Default style direction:

- use the fixed style profiles: `zh-only-default` for Chinese-only, `bilingual-default` for bilingual, and a `*-raised` profile only when bottom UI, captions, faces, code, or controls would be covered
- high contrast white Chinese text with thick dark outline
- readable on phone-sized playback
- bottom center unless it covers important UI
- record the reason when using `zh-only-raised` or `bilingual-raised`
- for bilingual output, Chinese above English, Chinese larger, English smaller, total subtitle area normally no more than three lines
- for bilingual output, sample the first minute specifically for stray `N`, mismatched Chinese/English pacing, and whether the English line makes the layout feel cluttered

Do not invent a new size for each video. If the fixed profile looks small, thin, too tall, crowded, or easy to miss, first try the corresponding raised profile when the issue is placement; only create a documented exception when both fixed profiles fail.

## 6. Full Burn-in

Use ffmpeg with libass-compatible ASS subtitles.

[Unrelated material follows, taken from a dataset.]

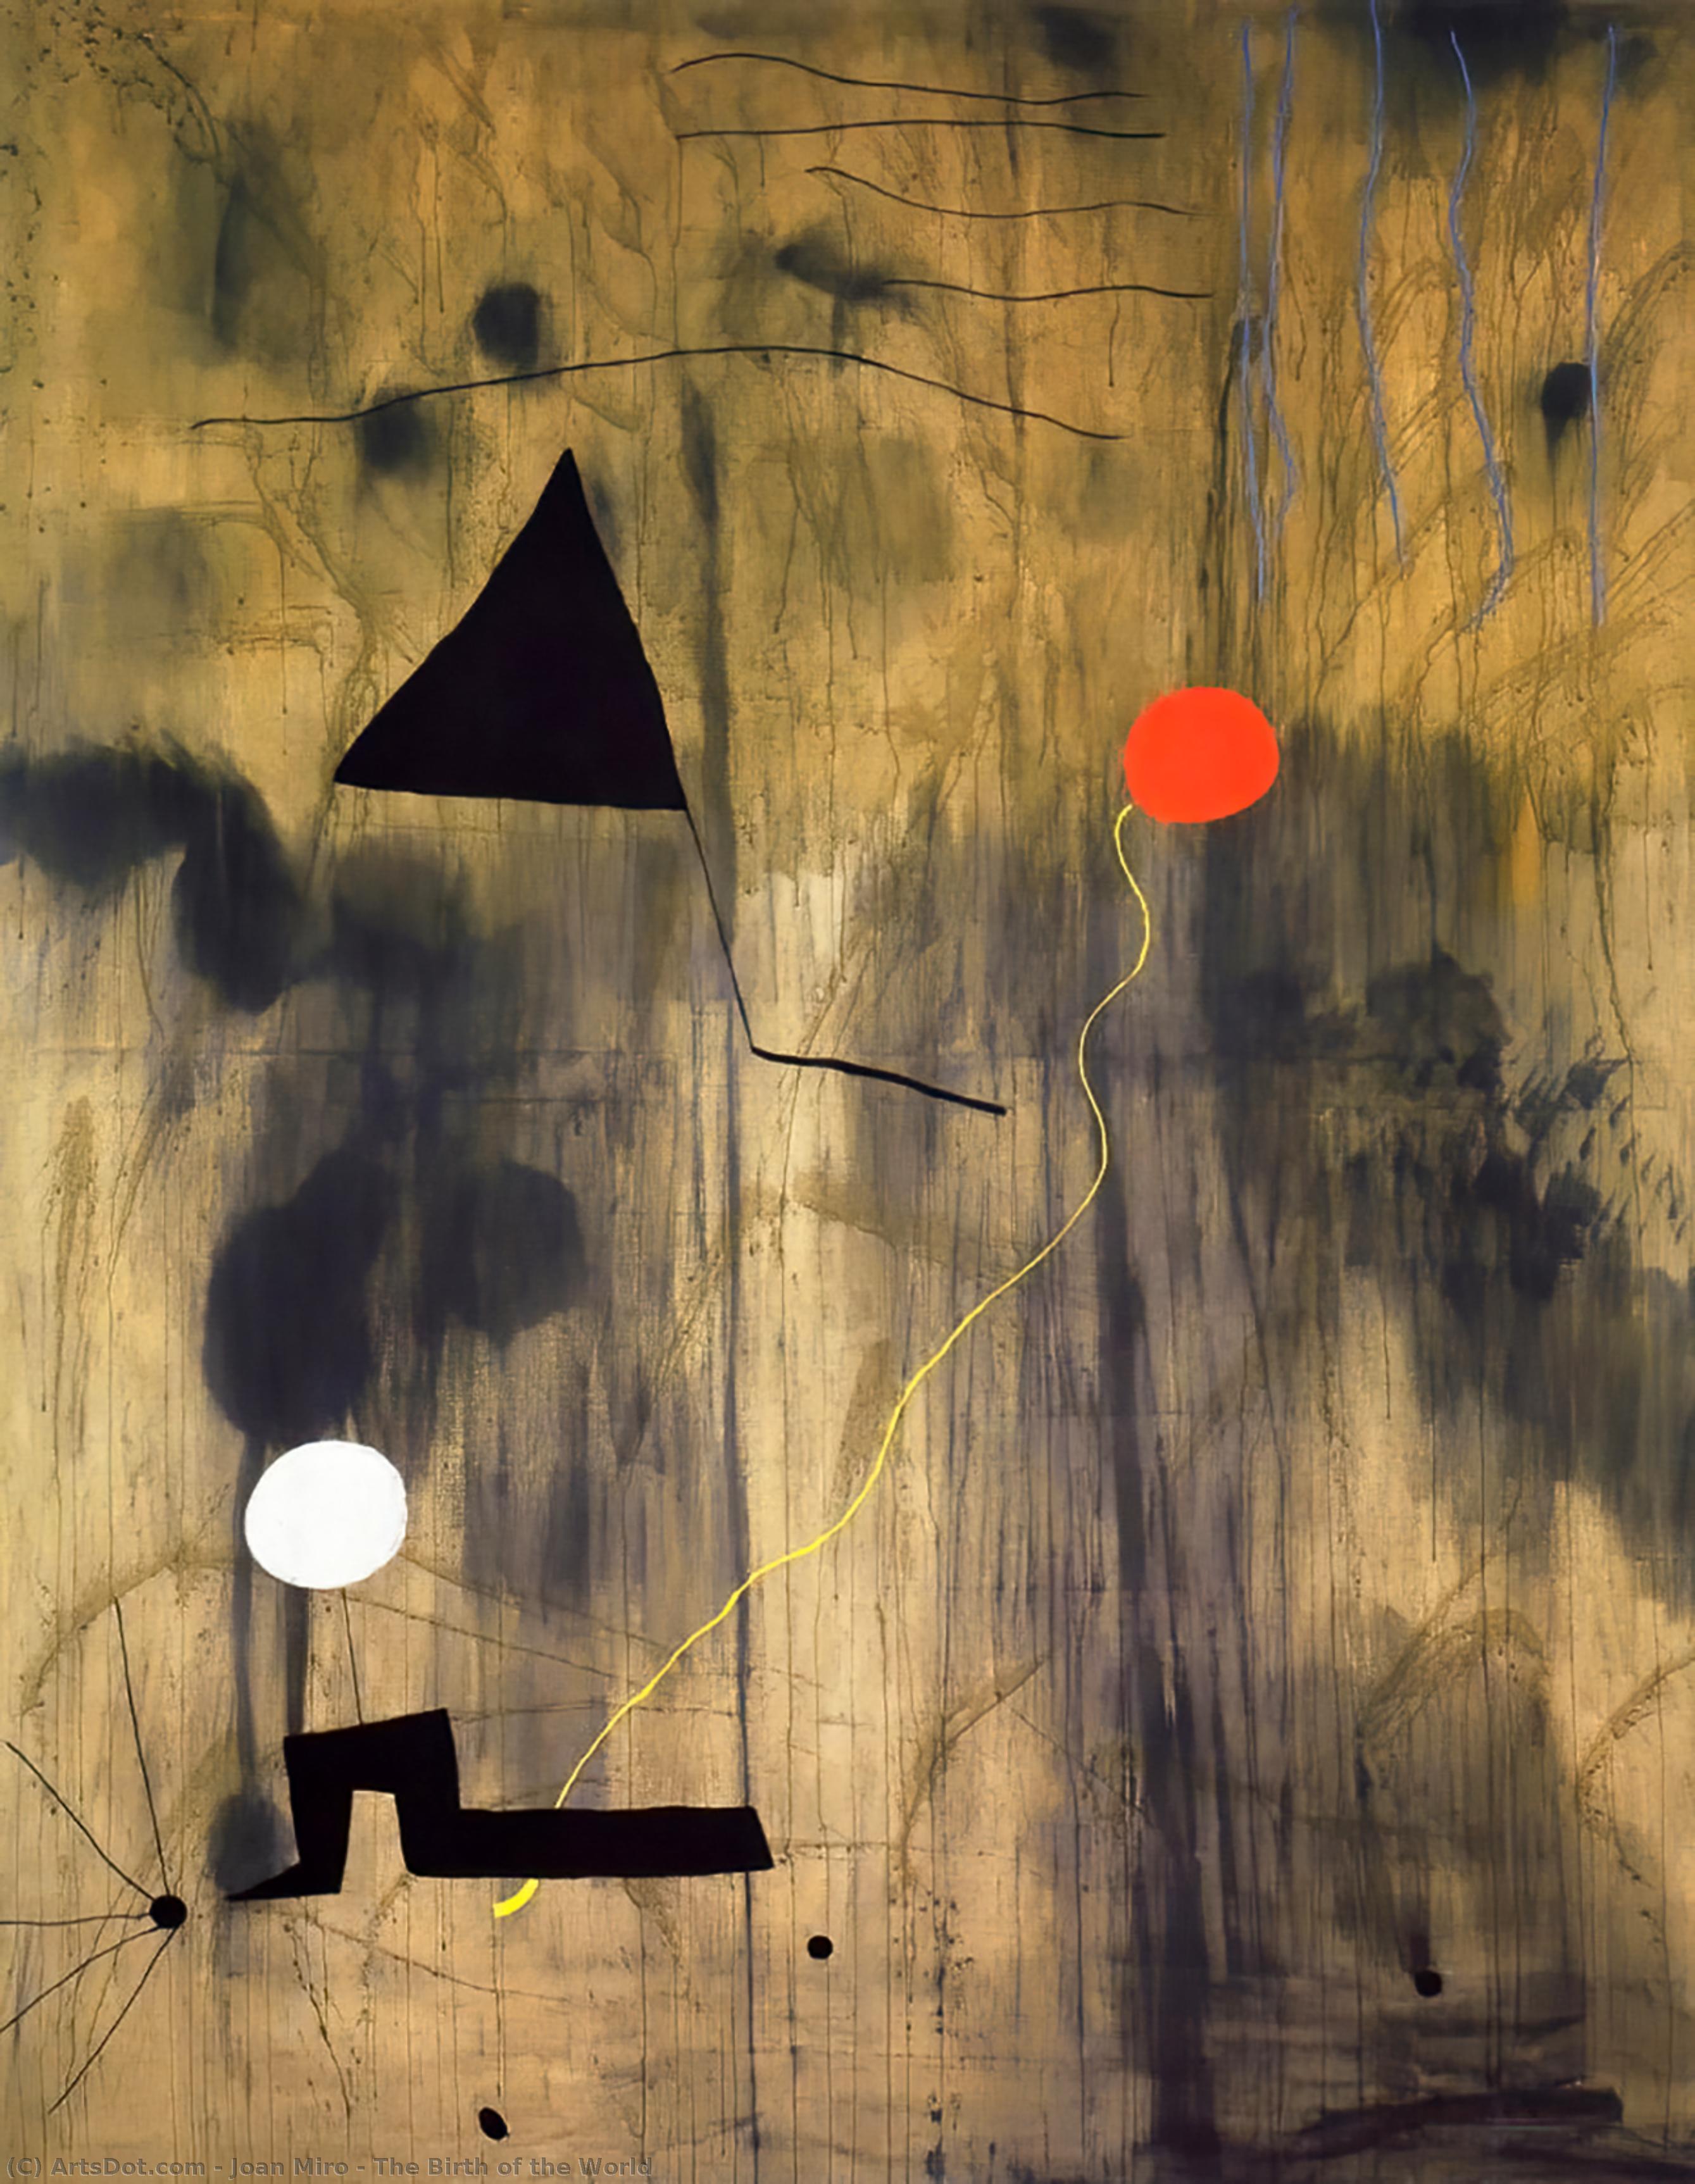 Acheter Reproductions D'art De Musée La naissance du monde, 1925 de Joan Miró (Inspiré par) (1893-1983, Spain) | ArtsDot.com

Output MP4 with video and audio preserved or encoded to broadly compatible H.264/AAC.

Before burning the full video, check whether the available ffmpeg can burn subtitles:

```bash
python3 scripts/check_ffmpeg_subtitle_support.py
```

If the default ffmpeg lacks `ass` or `subtitles` filters, first use another ffmpeg build with libass support if one is already available. If no checked ffmpeg can burn subtitle files, use the PIL hard-subtitle fallback instead of writing a one-off project script:

```bash
python3 scripts/burn_subtitles_pil.py 01-source/source.mp4 \
  04-subtitle-ass/translated.zh.ass \
  --out 05-output/<video-id>.zh-burned.vN.mp4
```

For smoke tests or style tuning, render a short segment first:

```bash
python3 scripts/burn_subtitles_pil.py 01-source/source.mp4 \
  04-subtitle-ass/translated.zh.ass \
  --out 06-review/burn-smoke.vN.mp4 \
  --start 00:02:05 --duration 8
```

Do not wait until the final burn to discover missing ffmpeg subtitle support, and do not leave the fallback renderer as an ad hoc file in the project workspace.

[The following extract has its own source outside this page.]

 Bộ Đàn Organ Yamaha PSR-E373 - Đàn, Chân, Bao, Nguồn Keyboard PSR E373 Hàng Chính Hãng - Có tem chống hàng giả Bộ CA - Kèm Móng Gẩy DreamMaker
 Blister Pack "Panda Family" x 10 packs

Use versioned filenames such as:

```text
03-translation/<video-id>.zh.v1.srt
04-subtitle-ass/<video-id>.zh.v1.ass
04-subtitle-ass/<video-id>.zh-en.v1.ass
05-output/<video-id>.zh-burned.v1.mp4
05-output/<video-id>.zh-en-burned.v1.mp4
05-output/<video-id>.zh-burned.v2-reviewed.mp4
```

Never overwrite prior MP4, SRT, or ASS outputs. If an output path already exists, choose the next versioned filename instead of forcing overwrite.

## 7. Review and Delivery

Run:

```bash
python3 scripts/check_subtitle_quality.py path/to/final.srt
python3 scripts/check_subtitle_quality.py path/to/final.ass
python3 scripts/check_subtitle_style.py path/to/final.ass --style-profile zh-only-default --require-version-comment
python3 scripts/inspect_video.py path/to/final.mp4
python3 scripts/extract_review_frames.py path/to/final.mp4 --out-dir 06-review/screenshots-final
```

Use `review-template.md` for `06-review/review.md`. Delivery is blocked until quality gates pass or every exception is explicitly recorded.

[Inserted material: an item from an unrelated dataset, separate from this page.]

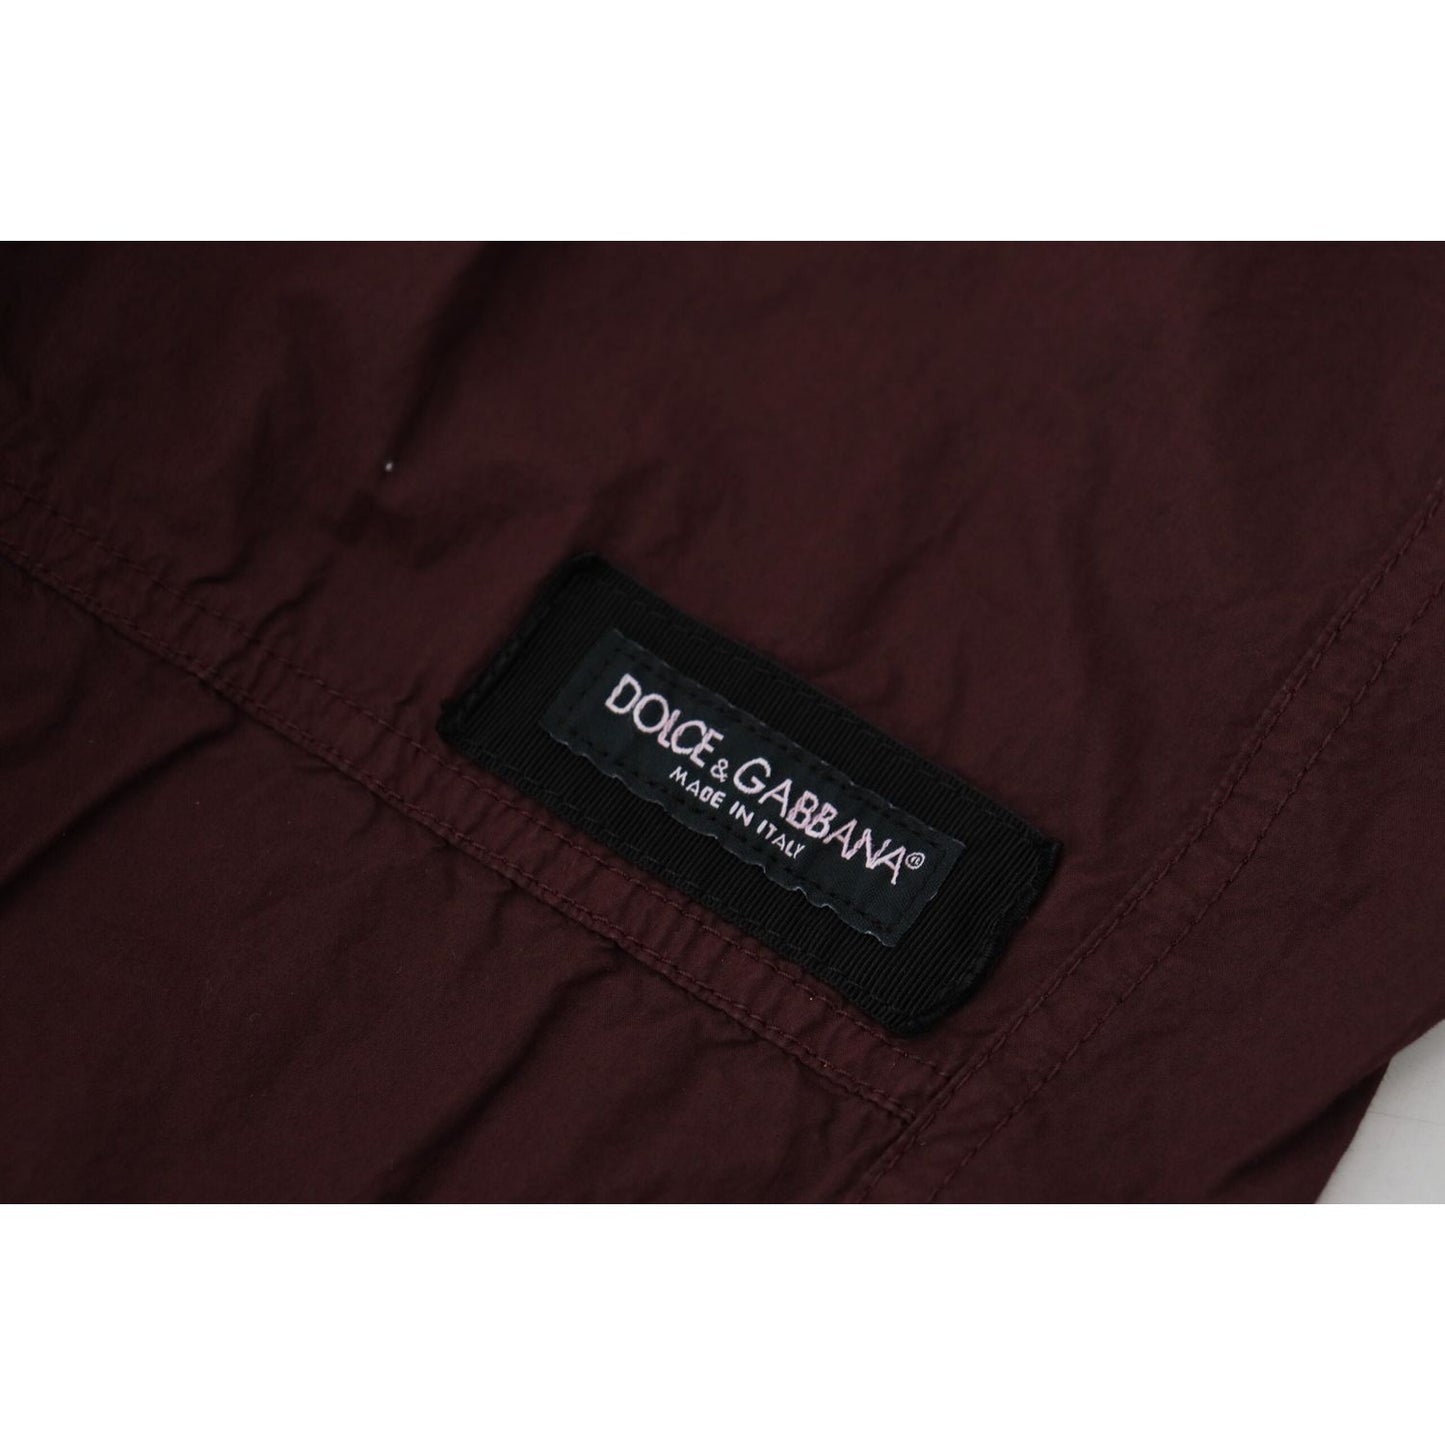 Dolce & Gabbana Elegant Burgundy Cotton Jogger Pants bordeaux-cotton-cargo-jogger-sweatpants-pants

Delivery should list the burned MP4, the final Chinese SRT, the final English SRT when bilingual mode is used, the final ASS file, subtitle style profile, bilingual alignment report when bilingual mode is used, design confirmation frames, the original thumbnail, the original description, and the Chinese description if translation was needed. If the user requested cover editing, also list the cover mode, edited cover, and 320px cover preview. If a subtitle, description, cover, or design frame file is intentionally omitted, record why in the review.

## 8. Feedback Iteration

When the user reports a subtitle issue:

1. Locate the exact timestamp and subtitle block.
2. Classify it as translation, segmentation, timing, hold duration, size, occlusion, terminology, or readability.
3. Fix the current output and re-run checks.
4. Record it with `scripts/record_feedback.py`.
5. If reusable, add the preventive rule to quality gates and this workflow.
6. Re-package the skill so future runs inherit the update.